ESGNOW.ID, BRUSSELS -- Kepala kebijakan iklim Uni Eropa Wopke Hoekstra memperingatkan upaya-upaya global untuk mengatasi perubahan iklim akan terpukul jika Presiden terpilih Amerika Serikat Donald Trump kembali menarik Amerika Serikat (AS) keluar dari Perjanjian Paris. Sejumlah sumber tim transisi Trump mengatakan mereka sedang menyiapkan perintah eksekutif untuk menarik AS dari perjanjian perubahan iklim global tersebut. Saat ini AS merupakan penghasil polusi terbesar kedua di dunia, setelah Cina.
"Jika hal itu terjadi, hal tersebut akan menjadi pukulan telak bagi diplomasi iklim internasional," kata Hoekstra, Rabu (8/1/2025).
Ia menambahkan bila AS keluar dari Perjanjian Paris, maka negara-negara lain harus "menggandakan diplomasi iklim".
"Pada akhirnya tidak ada alternatif lain untuk memastikan, semua orang ikut serta, karena perubahan iklim tidak pandang bulu, ini benar-benar masalah yang harus dipecahkan bersama oleh dunia," tegas Hoekstra mengenai perundingan iklim PBB.

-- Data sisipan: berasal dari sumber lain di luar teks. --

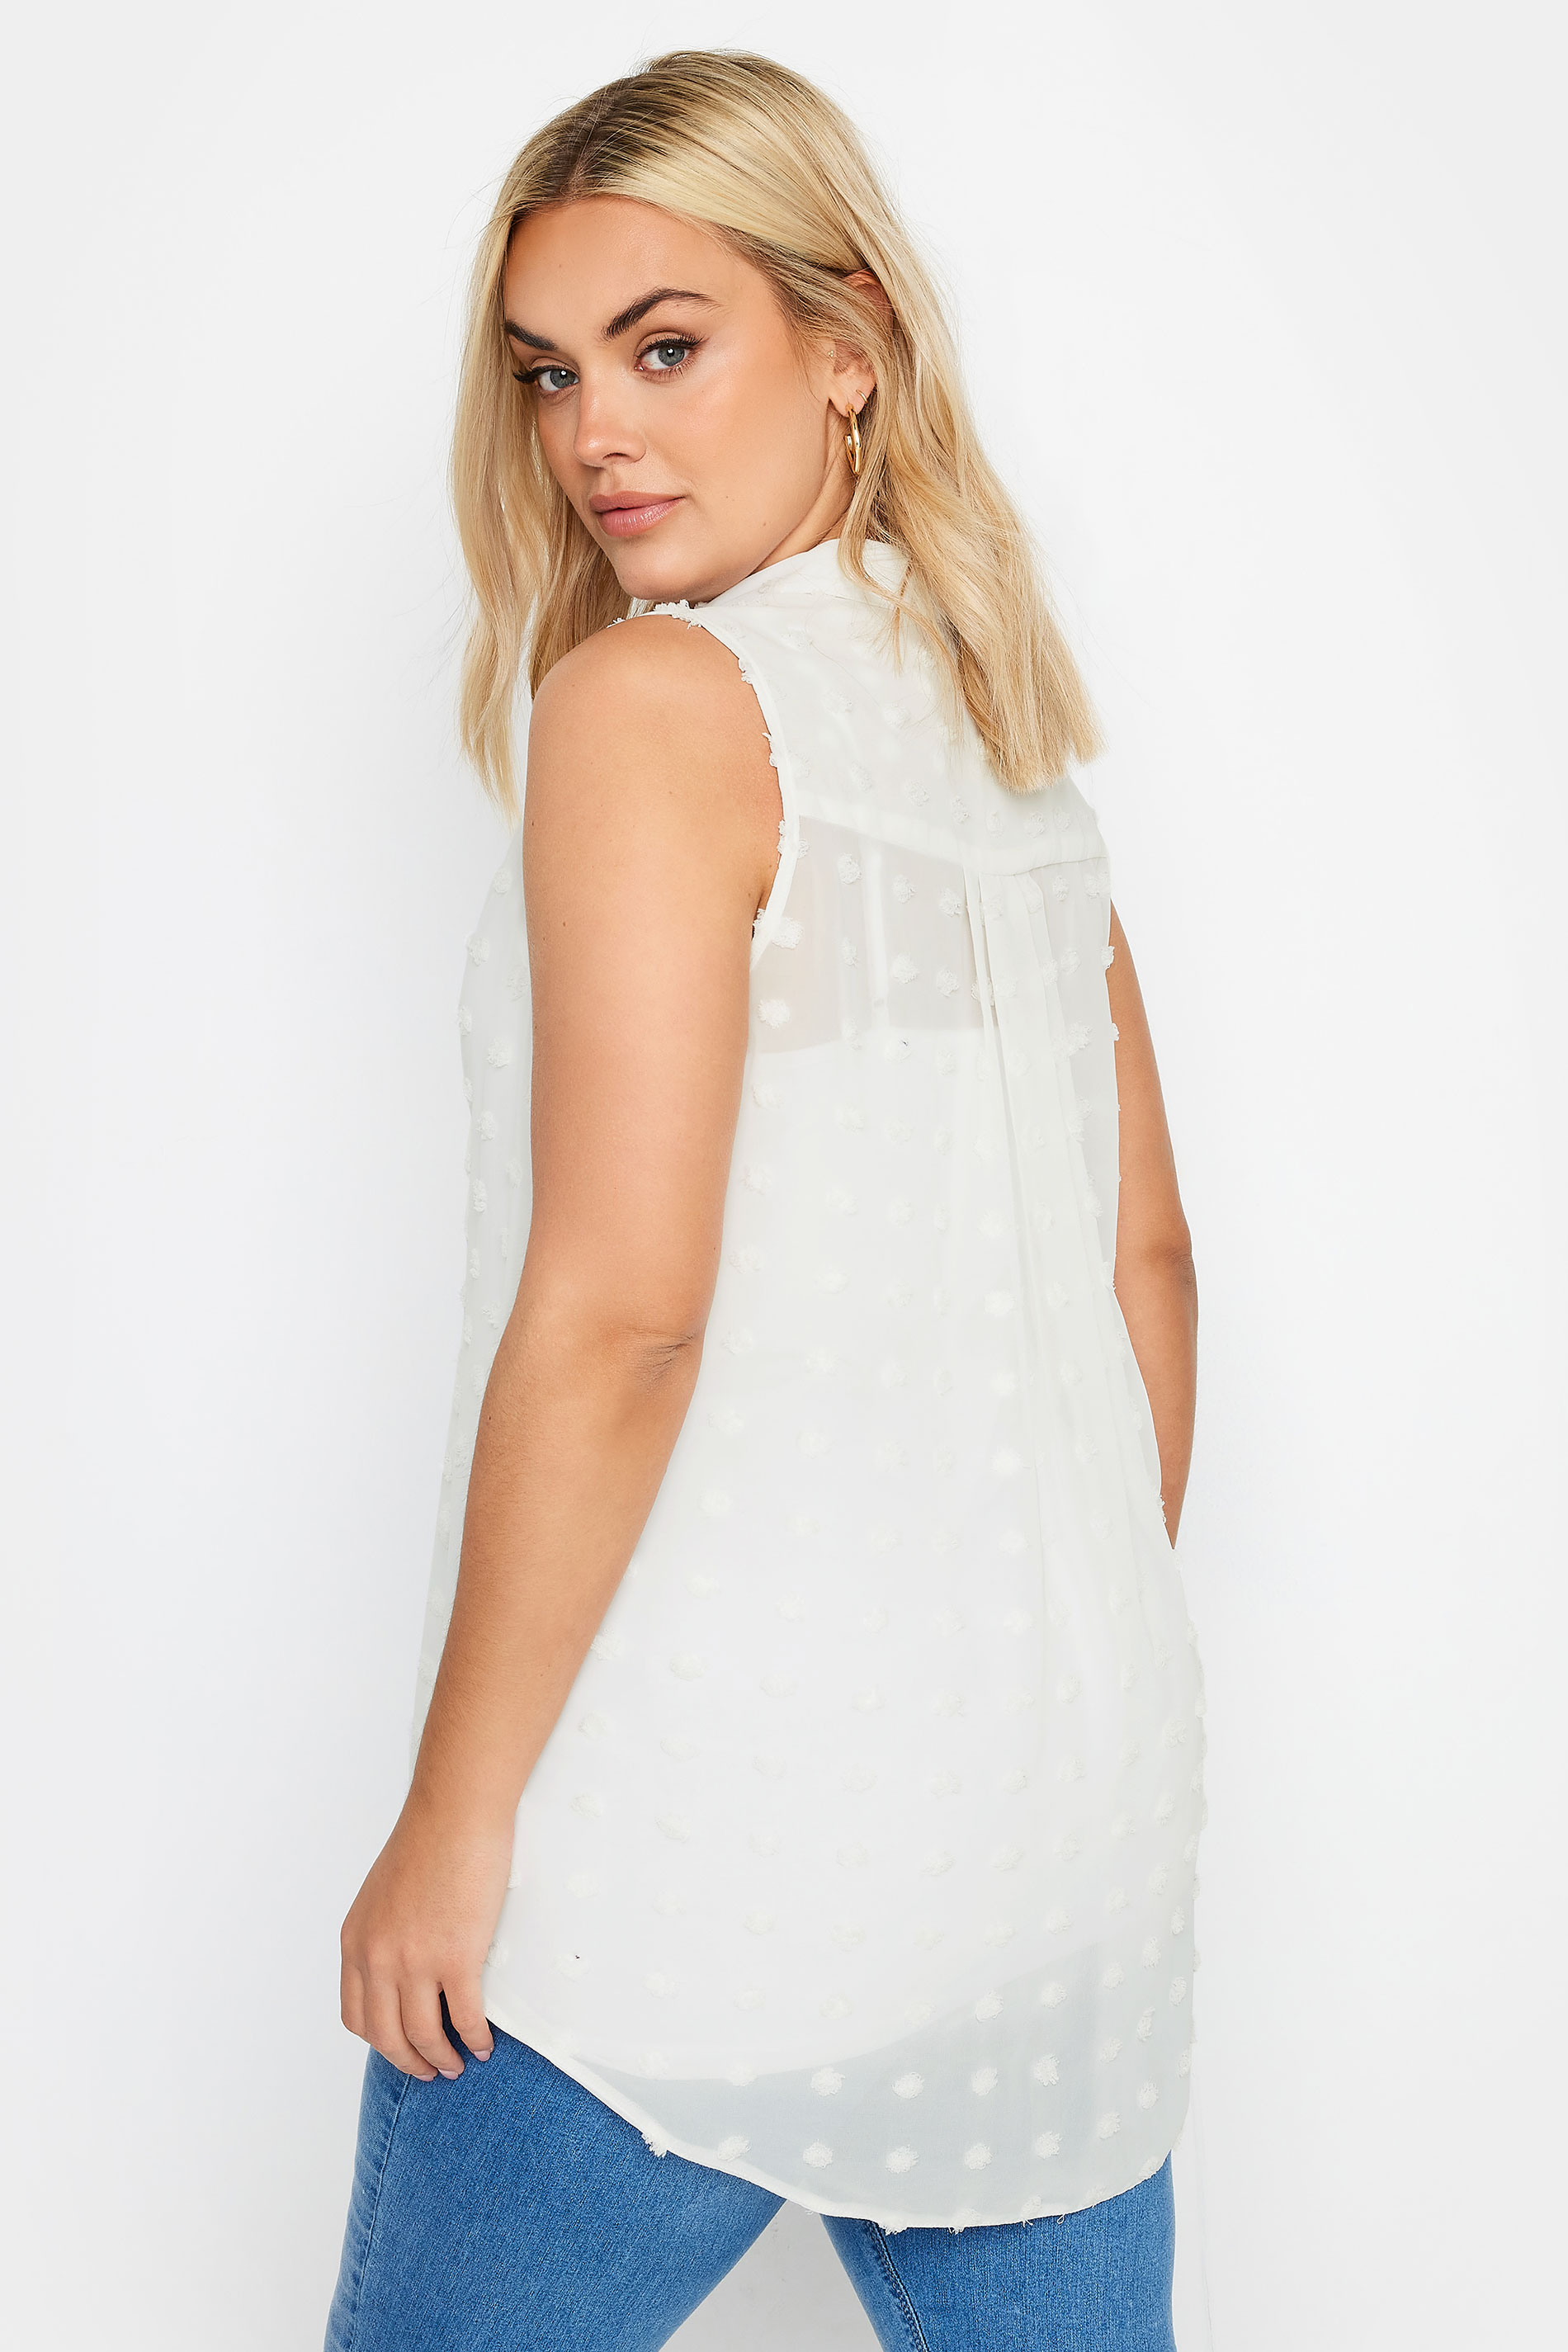 YOURS Plus Size White Sleeveless Shirt | Yours Clothing 3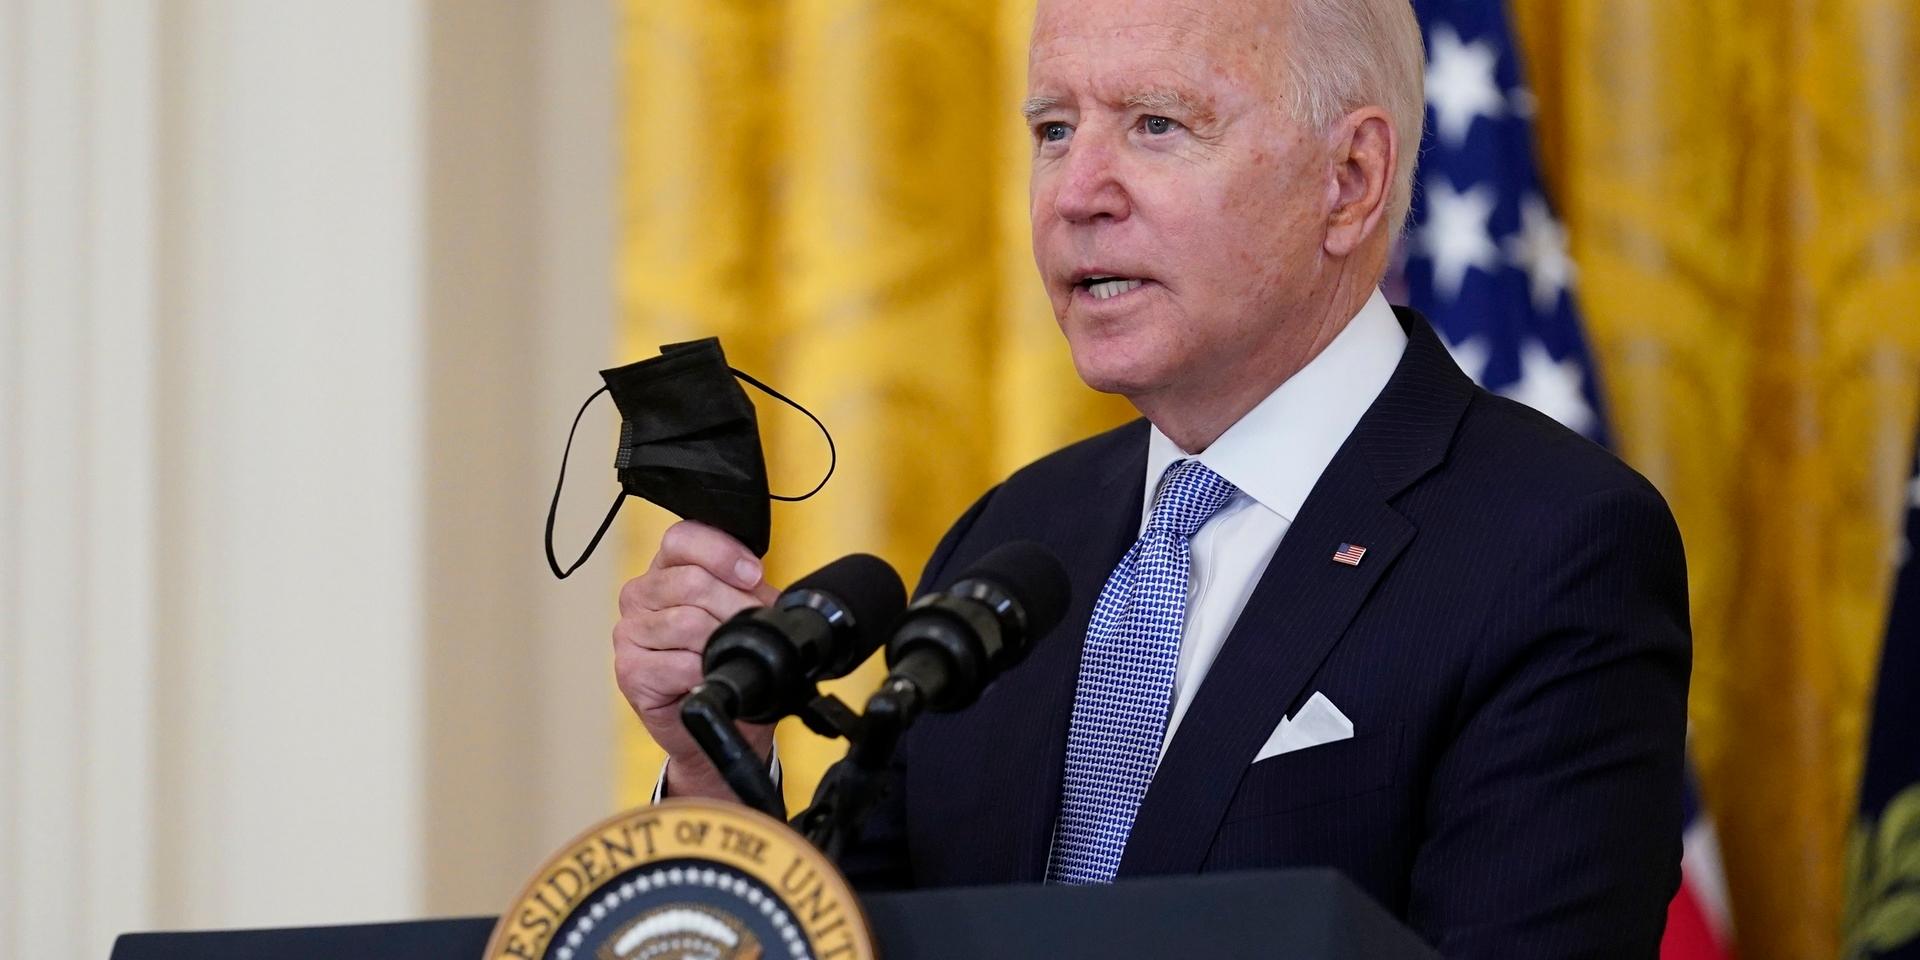 President Joe Biden manar i ett tal alla i USA att vaccinera sig mot covid-19.

Perjanjian Paris merupakan inti negosiasi iklim Perserikatan Bangsa-Bangsa (PBB), yang mana hampir 200 negara membahas langkah-langkah untuk mengurangi emisi dan pendanaan untuk membiayai upaya-upaya ini. AS memainkan peran sentral dalam perundingan tersebut. Salah satunya dengan bekerja sama dengan Cina yang merupakan penghasil polusi terbesar di dunia dan negara dengan perekonomian terbesar kedua di dunia untuk meletakkan dasar bagi kesepakatan iklim global baru-baru ini.
Trump diprediksi akan mengubah kebijakan perubahan iklim di Gedung Putih setelah dilantik pada 20 Januari. Ia menyebut perubahan iklim sebagai kebohongan, dan menarik AS dari Perjanjian Paris selama masa jabatan pertamanya dari 2017 hingga 2021.
Bulan lalu ia memperingatkan Uni Eropa mereka harus membeli lebih banyak minyak dan gas dari AS atau menghadapi kenaikan tarif. Hoekstra mengatakan Uni Eropa akan terlibat secara konstruktif dengan pemerintahan AS yang baru dalam berbagai isu termasuk perubahan iklim.
Ia mengatakan Komisi Iklim Uni Eropa menjangkau kontak-kontak AS di seluruh spektrum politik, termasuk di tingkat non-federal. "Memastikan teman-teman Amerika kami, sebanyak mungkin, benar-benar tetap berada di atas kapal yang sama dan mengerjakan hal ini bersama kami, jelas merupakan sesuatu yang akan saya perjuangkan," katanya.
Namun, meskipun Brussel menghadapi tekanan untuk meningkatkan kepemimpinan iklimnya untuk mengisi kekosongan yang ditinggalkan AS. Uni Eropa akan melewatkan tenggat waktu pada bulan Februari untuk menyampaikan rencana dan target iklimnya ke PBB.
Hoekstra mengatakan waktu siklus politik Uni Eropa tidak sesuai dengan tenggat waktu PBB, namun Eropa akan memiliki rencana iklim 2035 yang siap sebelum Pertemuan Perubahan Iklim PBB pada bulan November tahun ini di Belem, Brasil.